UI professor helps complete coastline study of Louisiana

BOISE – New Orleans wouldn’t be a major coastal port today if nature had its way with the Mississippi River, according to a University of Idaho professor who worked on a four-year National Academies of Sciences research project on the Louisiana coastline that was published last week.
But those same “well-intentioned” efforts that have preserved the shipping port have disrupted a natural sedimentation process that for centuries kept building up the coastline, as other factors wore it down. Now, the area is sinking, the sea level is rising, and coastal communities are increasingly vulnerable to storm damage – like the havoc wrought by hurricanes Rita and Katrina.
“They’ve been saying these things for years and years, but it hasn’t translated into policy,” said Peter Goodwin, director of the Center for Ecohydraulics Research at UI’s Idaho Water Center in Boise.
The hurricanes hit right as a dozen scientists from across the country were wrapping up the four-year study, entitled, “Drawing Louisiana’s New Map: Addressing Land Loss in Coastal Louisiana.” Goodwin watched CNN in horror from Seoul, Korea, where he was attending the every-other-year convention of the International Association for Hydraulic Research. “It was very, very, very scary,” he said. “As Katrina lined up, anyone who studied down there – you just look at that and you think, ‘This is the worst-case scenario about to unfold.’ “
The scientists’ final report states, “The report is provided at this difficult time in the hope that its advice on restoring and protecting coastal Louisiana can be considered as part of the nation’s strategy to rebuild the Gulf Coast and reduce the likelihood of future tragedies associated with hurricanes in the region.”
If left to nature, the Mississippi would jump to a new channel “every few thousand years,” Goodwin said, but channelization, levies and other big structures now prevent that. Plus, dams upstream block some natural sediment from flowing down the river. The sediment that’s left runs down the channel and into the deep water off the coastal shelf – where it’s essentially wasted, rather than restoring and building back up the coastline.
At the same time, pumping of oil and gas from under the delta and increases in sea level have contributed to continuing erosion of the coast. Though it’s not as bad as it was a few years back – Louisiana lost 39 square miles a year from 1956 to 1978 – the area is still losing 10 square miles of coastline a year. Hurricane Katrina alone wiped out 100 square miles.
Goodwin, an expert on how sediment moves in deltas, marshes and river systems, said the destructive hurricane may be what finally brings the needed attention to coastline restoration. “Although Katrina was a big tragedy, one of the things this will allow is a comprehensive model of the whole area,” he said.
That’s a major recommendation of the scientists’ report, which looked at existing restoration plans and the long-term outlook.

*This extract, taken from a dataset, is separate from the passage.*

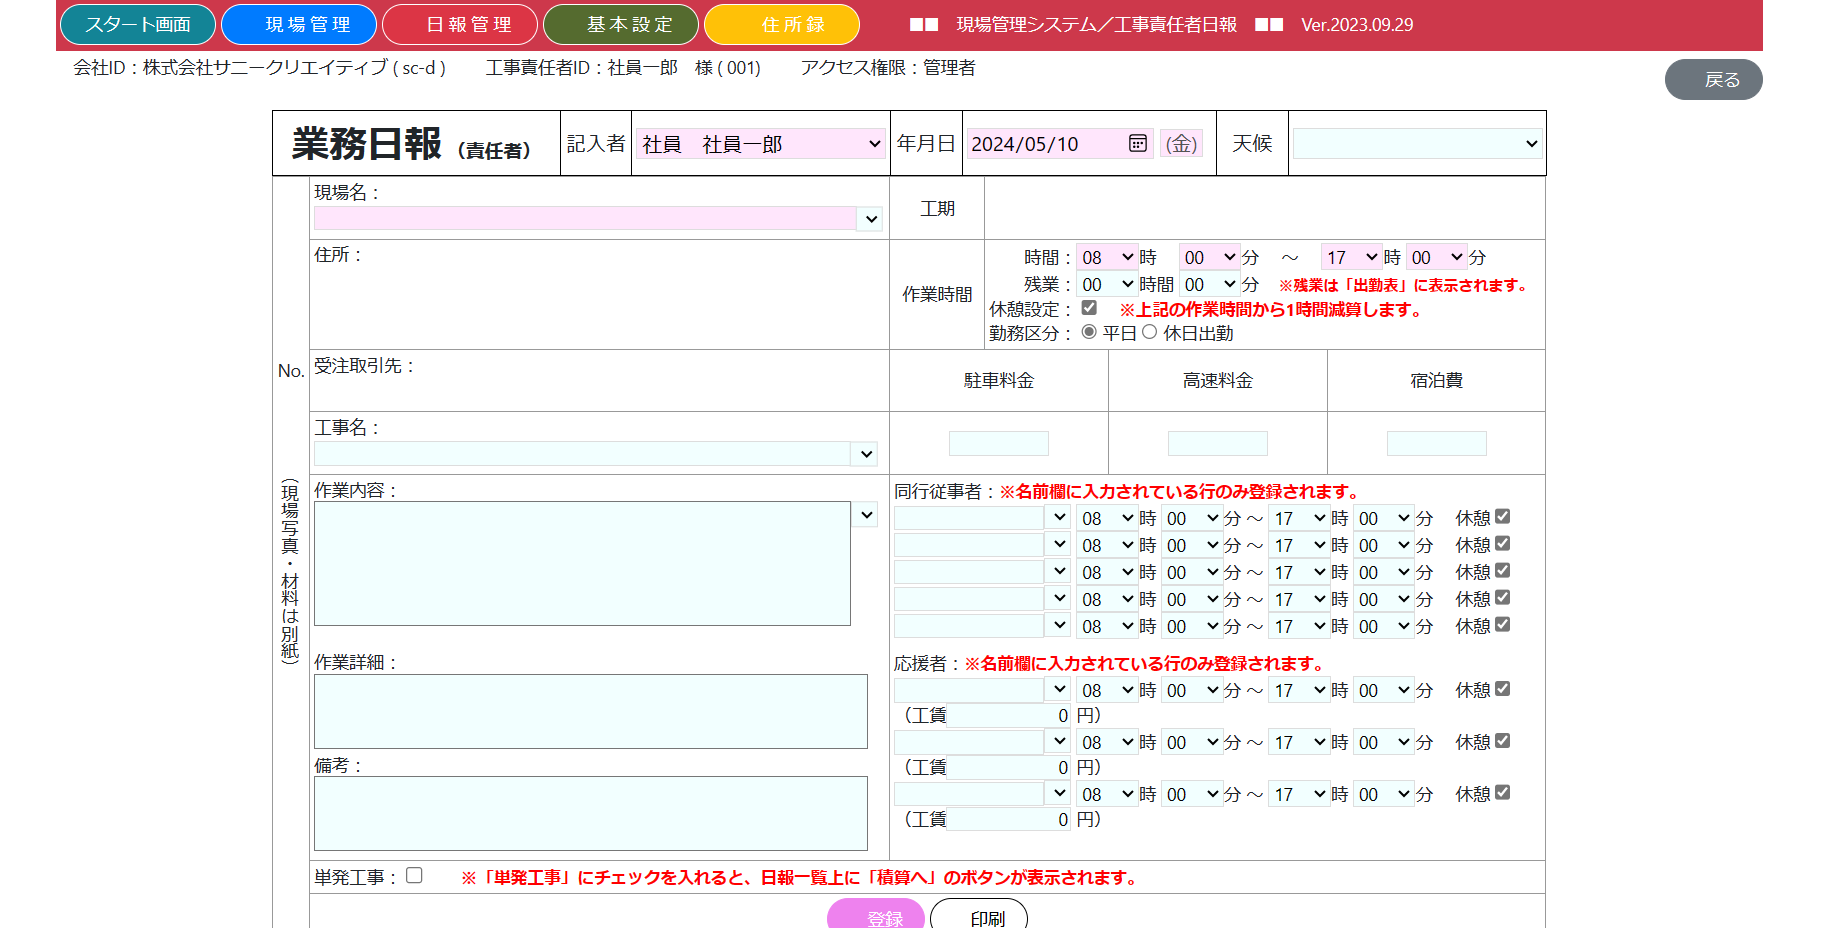 日報ソフト「Lakuda+」の工事責任者日報の画面

They concluded that four of five multimillion-dollar projects that now are planned are scientifically sound, but don’t constitute the kind of big-picture approach that’s needed to address the huge coastline, which stretches over 30,000 square miles.
The fifth project, a $108 million shoring-up of the Mississippi River Gulf Outlet, a little-used artificial shipping channel that’s maintained as an alternate route, would bring little benefit and should be reconsidered, the report found – especially since the controversial outlet could soon be closed.
“It’s a straight shot to the Gulf,” Goodwin said, and some scientists believe it could actually worsen inland damage from storm surges. “That’s certainly one of the issues that’s been raised by people who would rather see the … outlet closed,” he said.
An example of the bigger solutions the report recommends is building a new, second channel for the Mississippi to the west – where the river would be flowing naturally – to allow sediment to be carried there and build up the coastline, while still keeping the current channel open for shipping.
The report also recommends a strategy of “managed retreat” – recognizing that not all the coastline can be saved, and identifying which parts make sense to save, and which to abandon.
“Tough decisions have to be made,” Goodwin said.